YOUR GOAL: Without the pictures, set down everything in the listing exactly.

SUPPLIED INFORMATION:

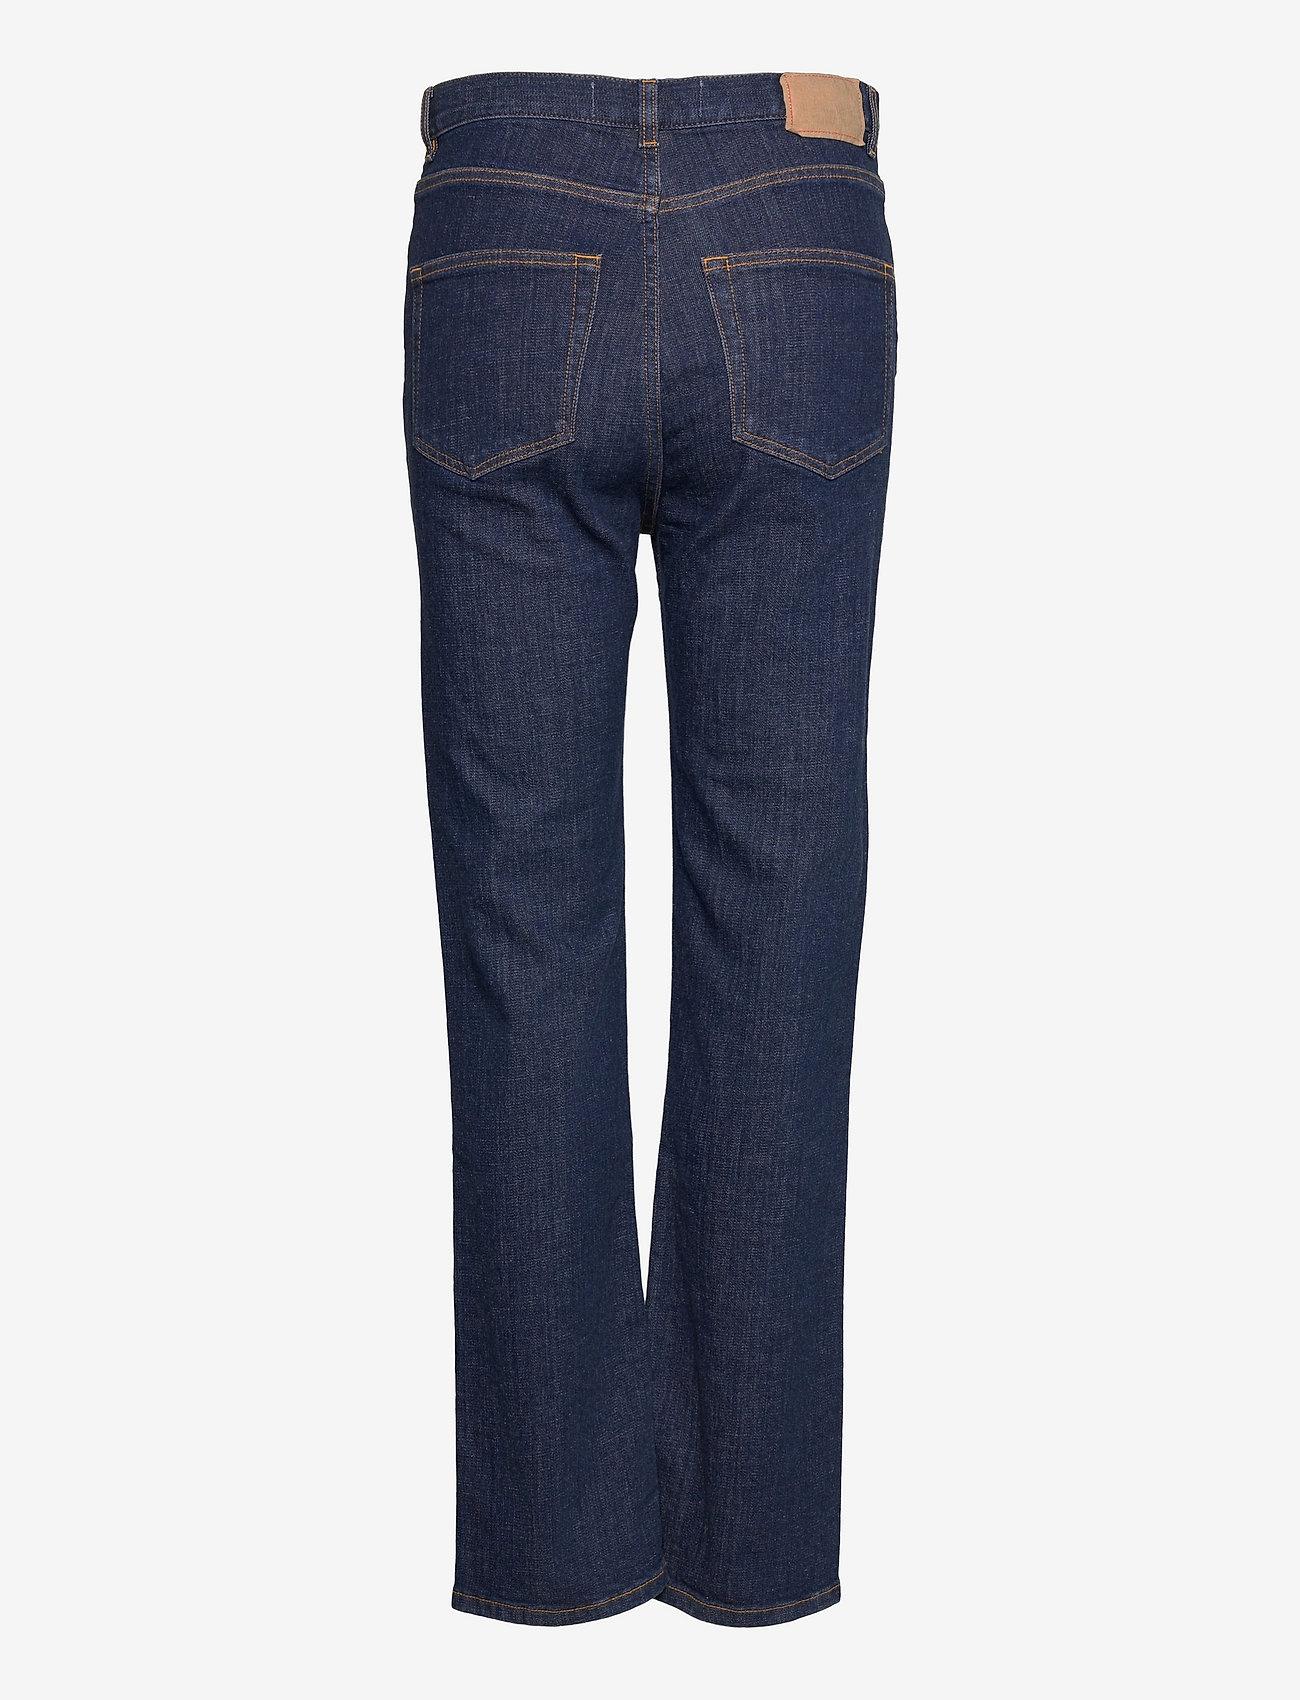 Jeanerica - EW004 - boot cut jeans - blue 2 weeks - 1
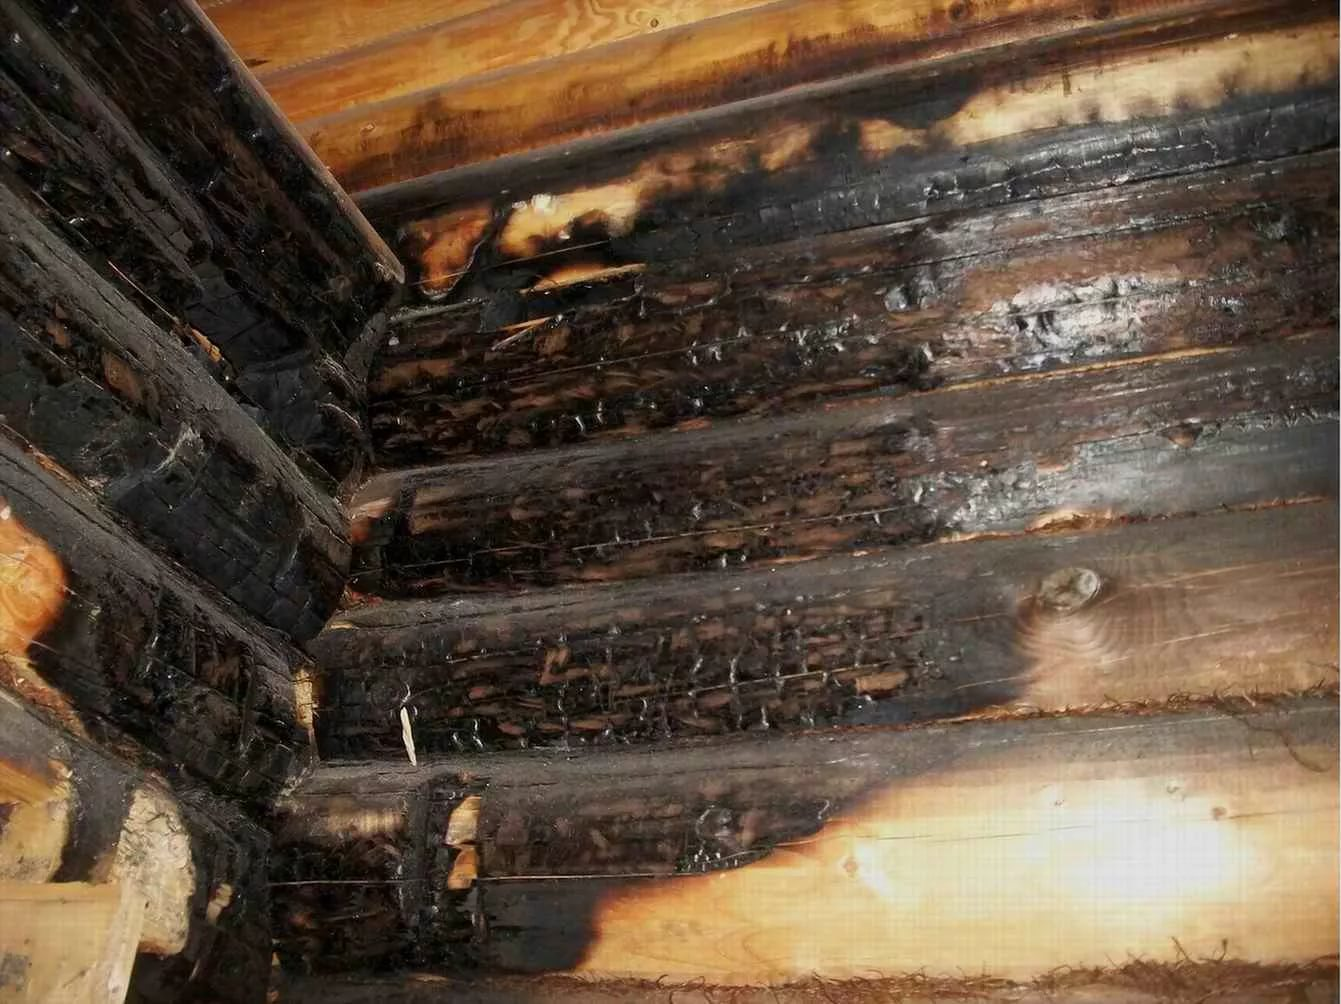 Что поможет уничтожить плесень на древесине?
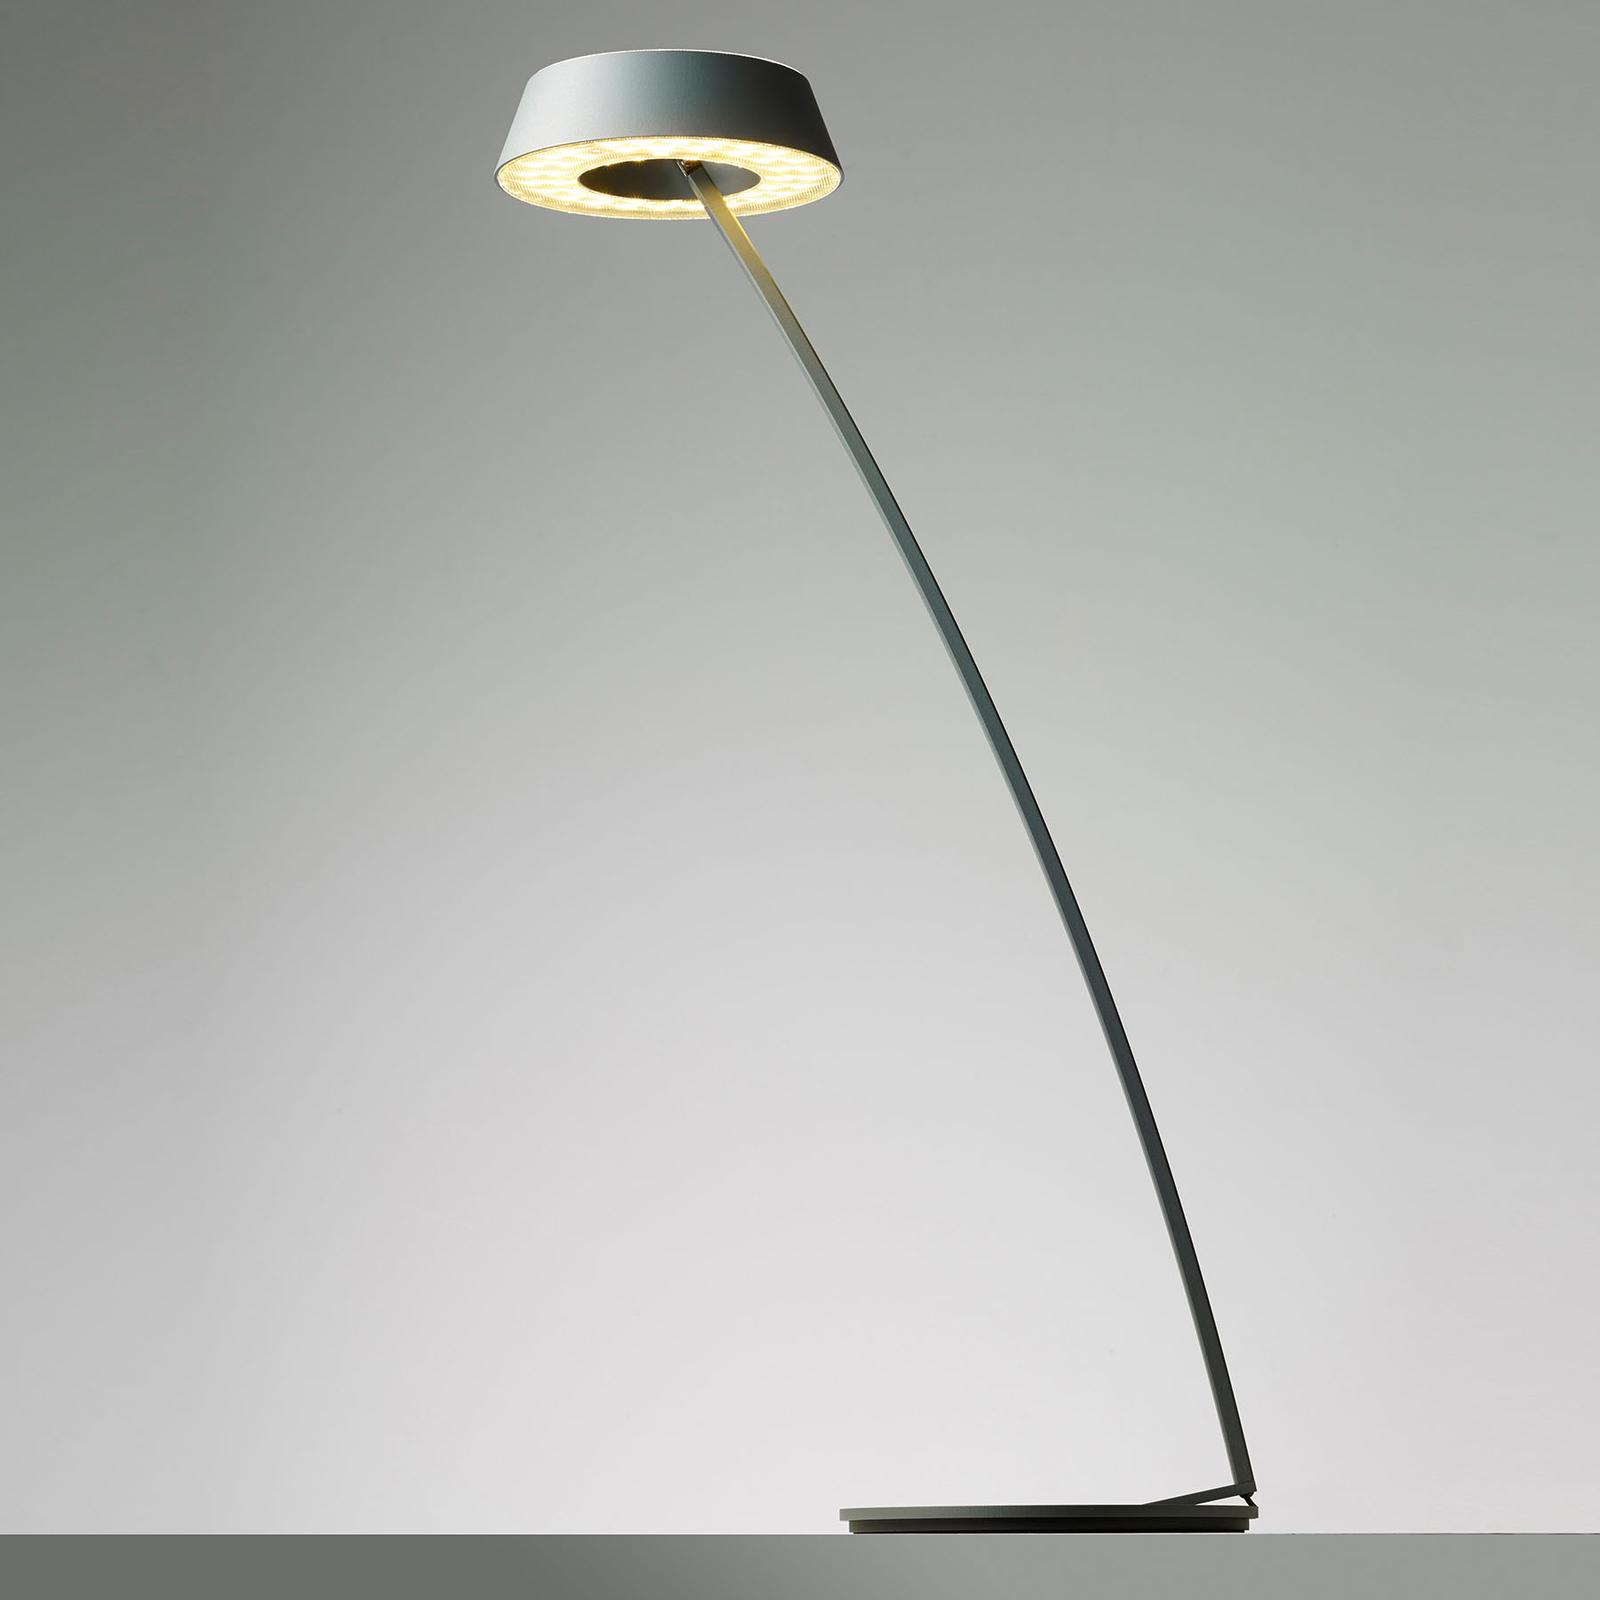 OLIGO Glance LED-pöytälamppu, kaareva, harmaa

WRITTEN REPLY:
 Jeanerica - EW004 - boot cut jeans - blue 2 weeks - 1
 Что поможет уничтожить плесень на древесине?
 OLIGO Glance LED-pöytälamppu, kaareva, harmaa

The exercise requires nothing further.